Pictures stay out; everything else in the listing below is to be restated word for word.

## [DATASET EXCERPT]
^^^^^^^^^^^^^^^^

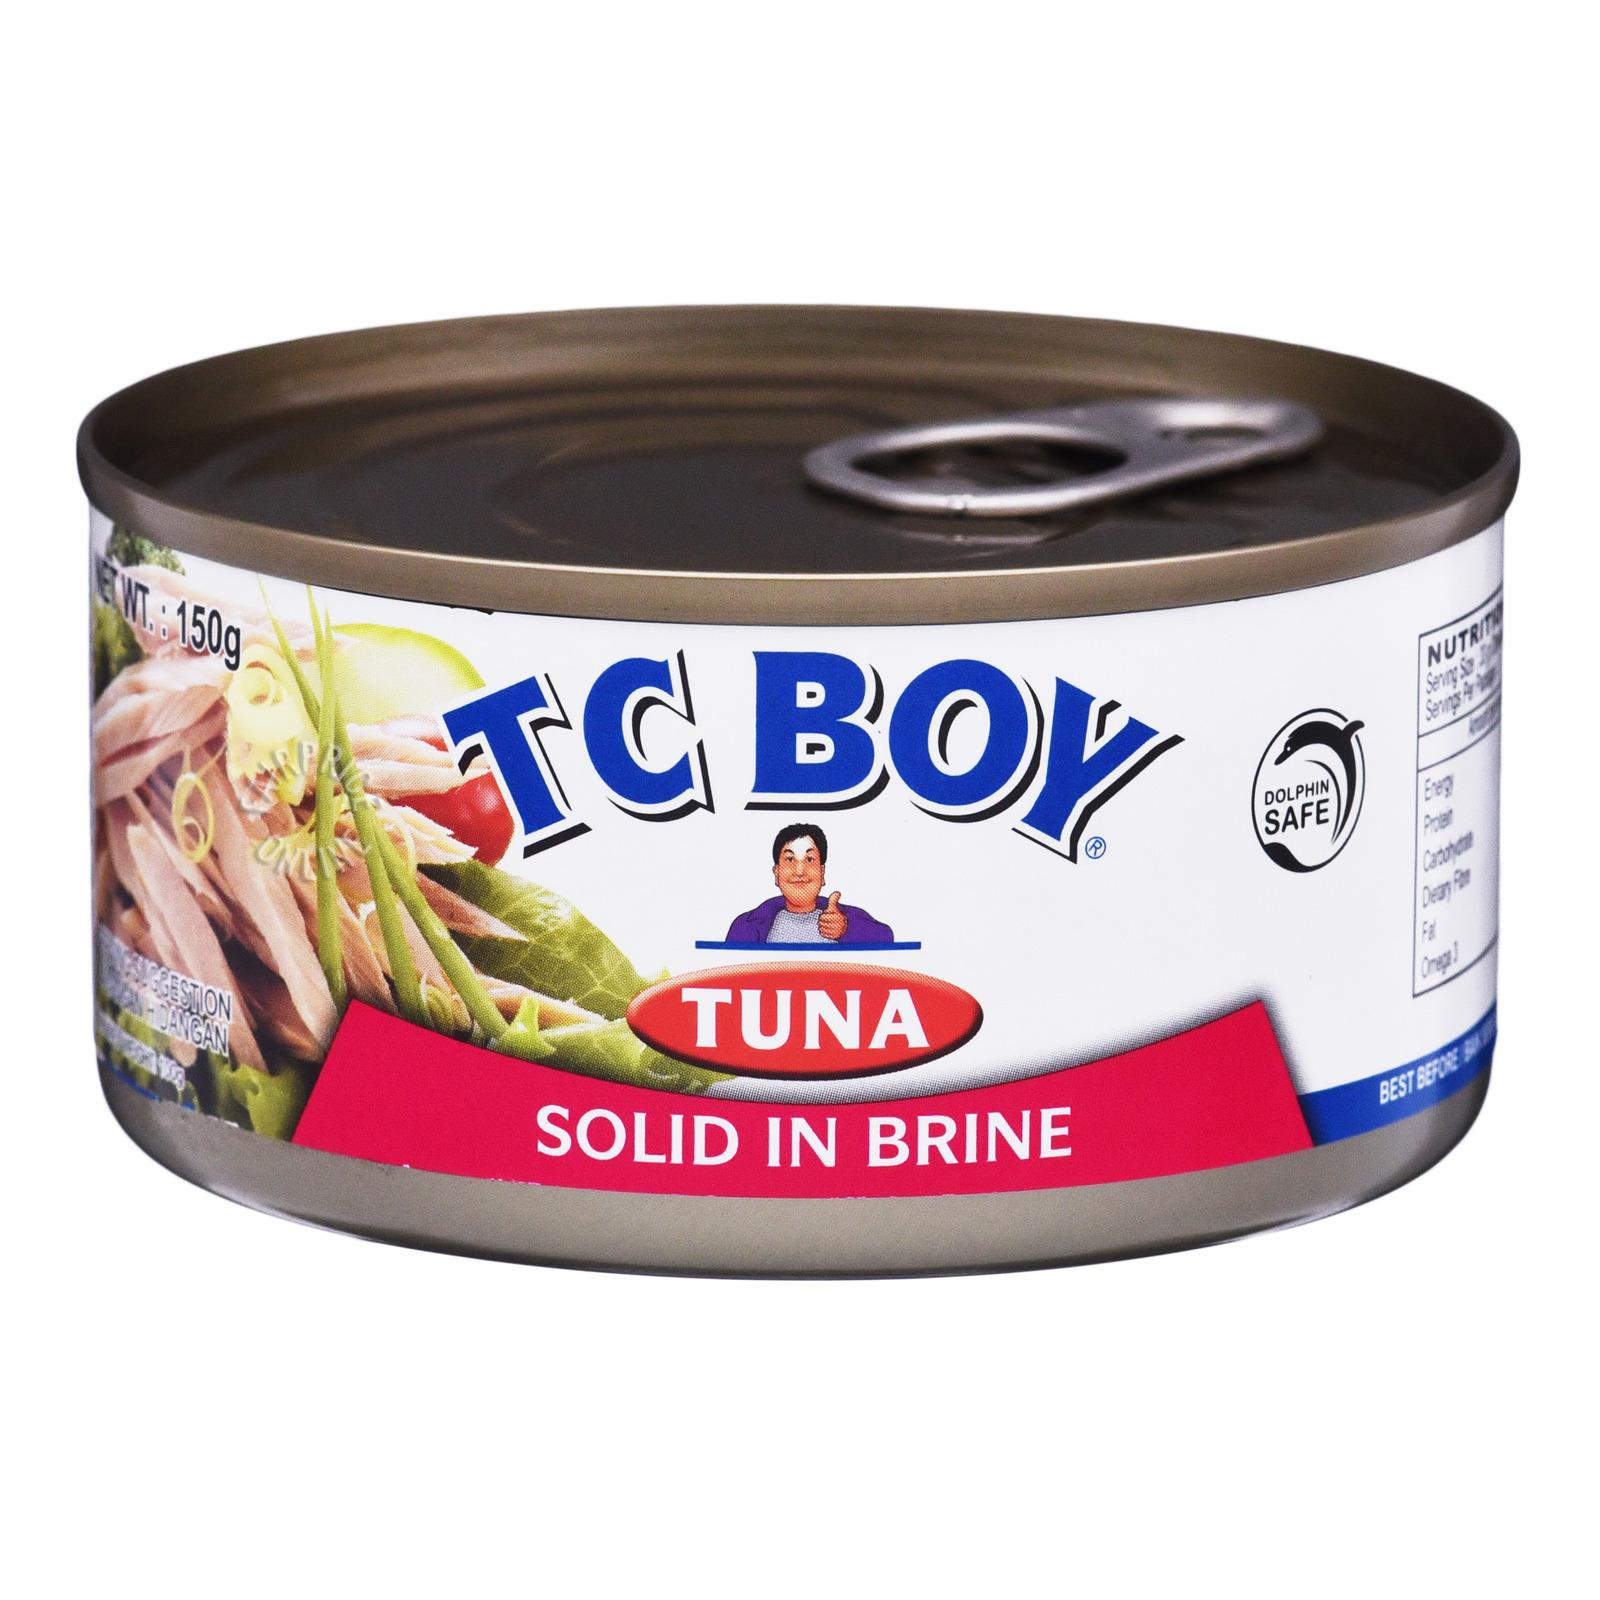 TC Boy Tuna Solid in Brine
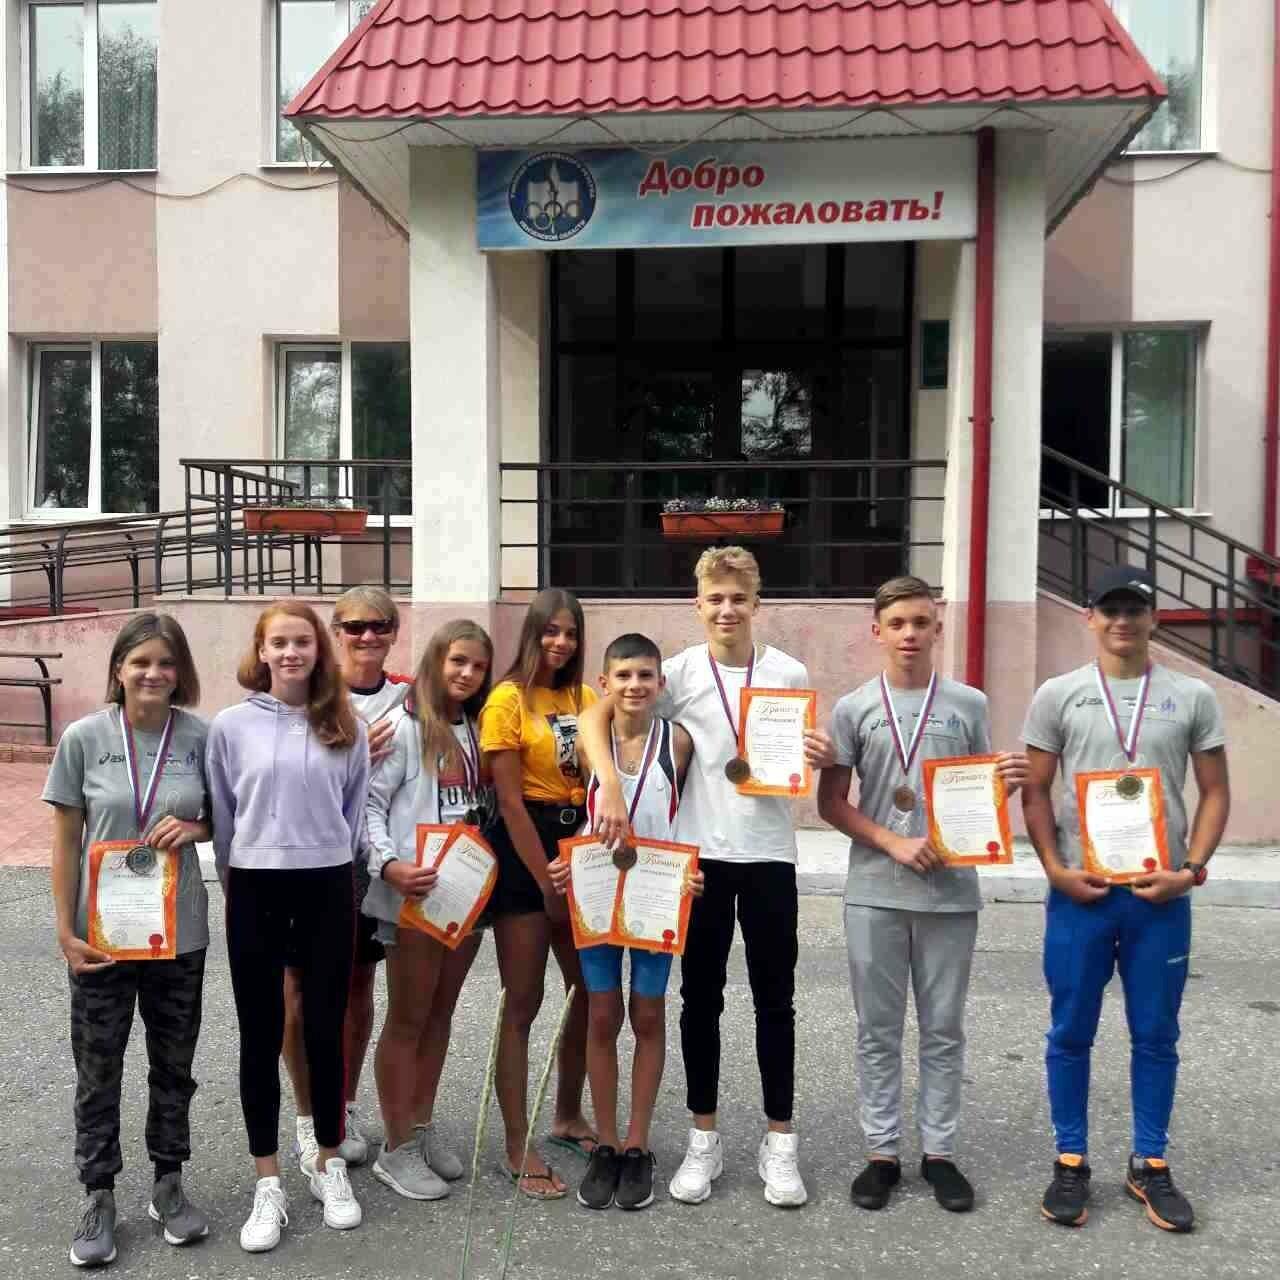 Легкоатлеты Ялты снова победили во Всероссийских соревнованиях, фото-2
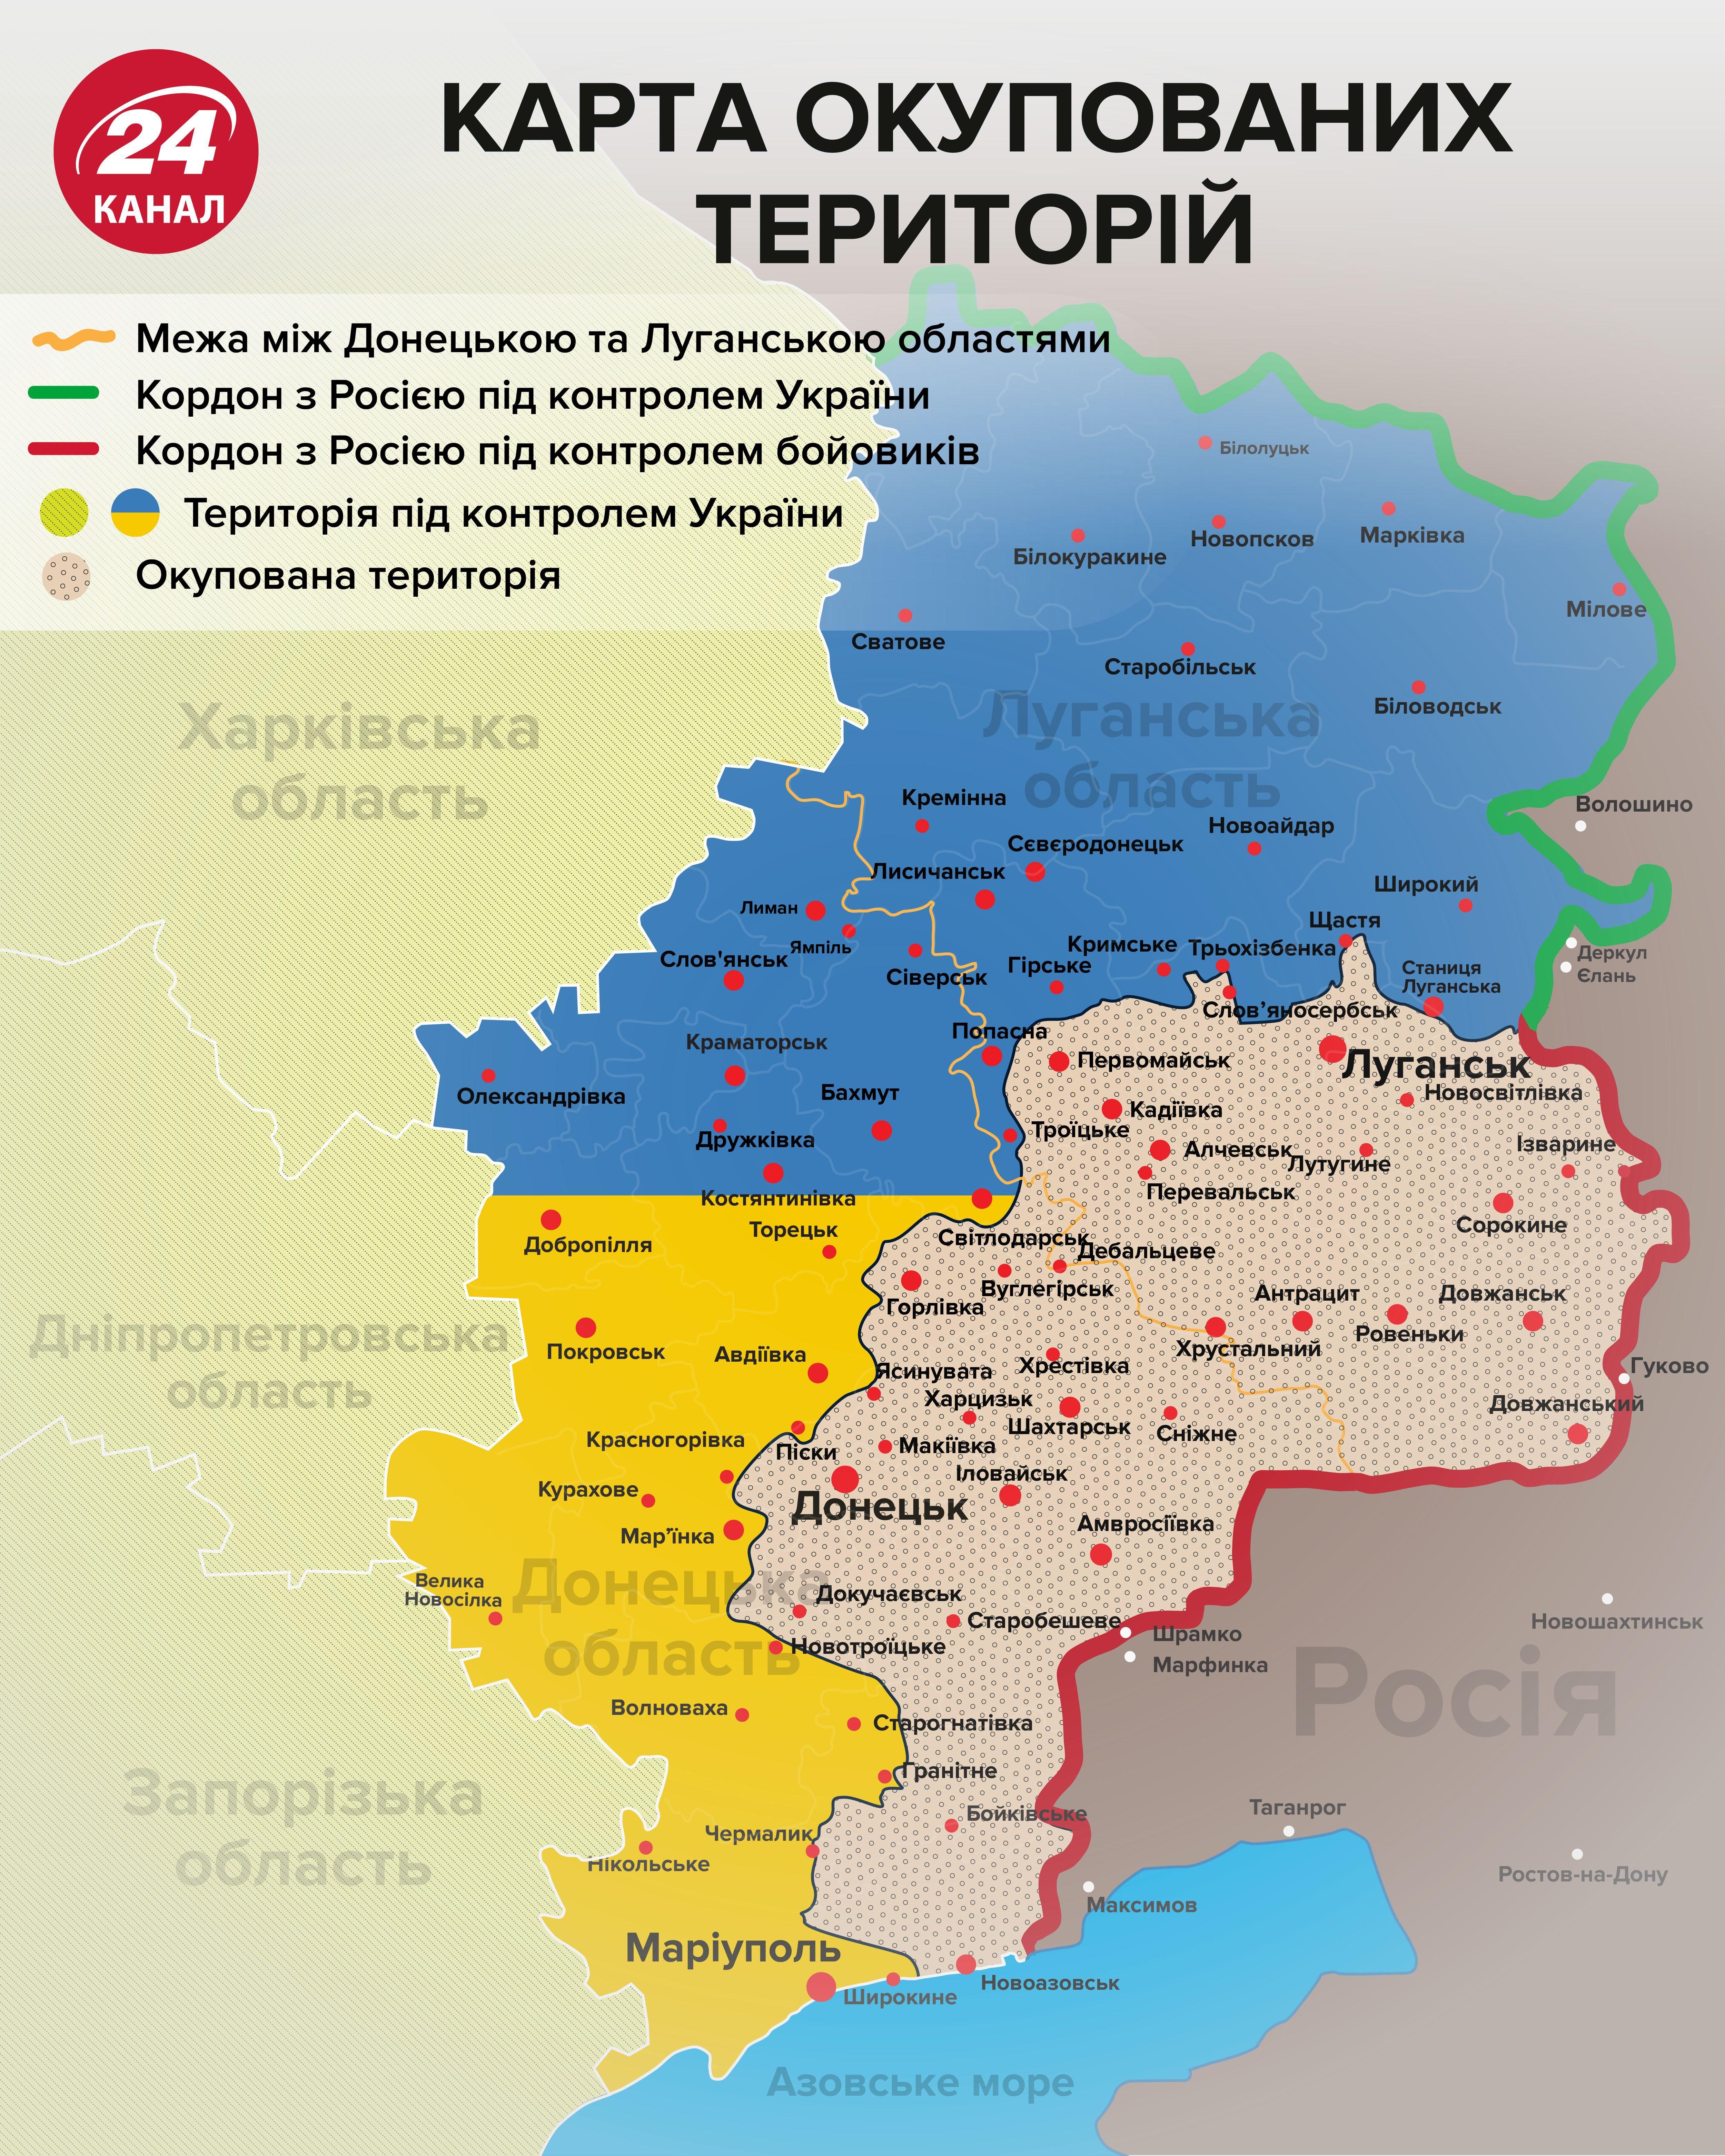 Ситуация на Донбассе: провокации оккупантов продолжаются

^^^^^^^^^^^^^^^^

## [ANSWER SPACE]
 TC Boy Tuna Solid in Brine
 Легкоатлеты Ялты снова победили во Всероссийских соревнованиях, фото-2
 Ситуация на Донбассе: провокации оккупантов продолжаются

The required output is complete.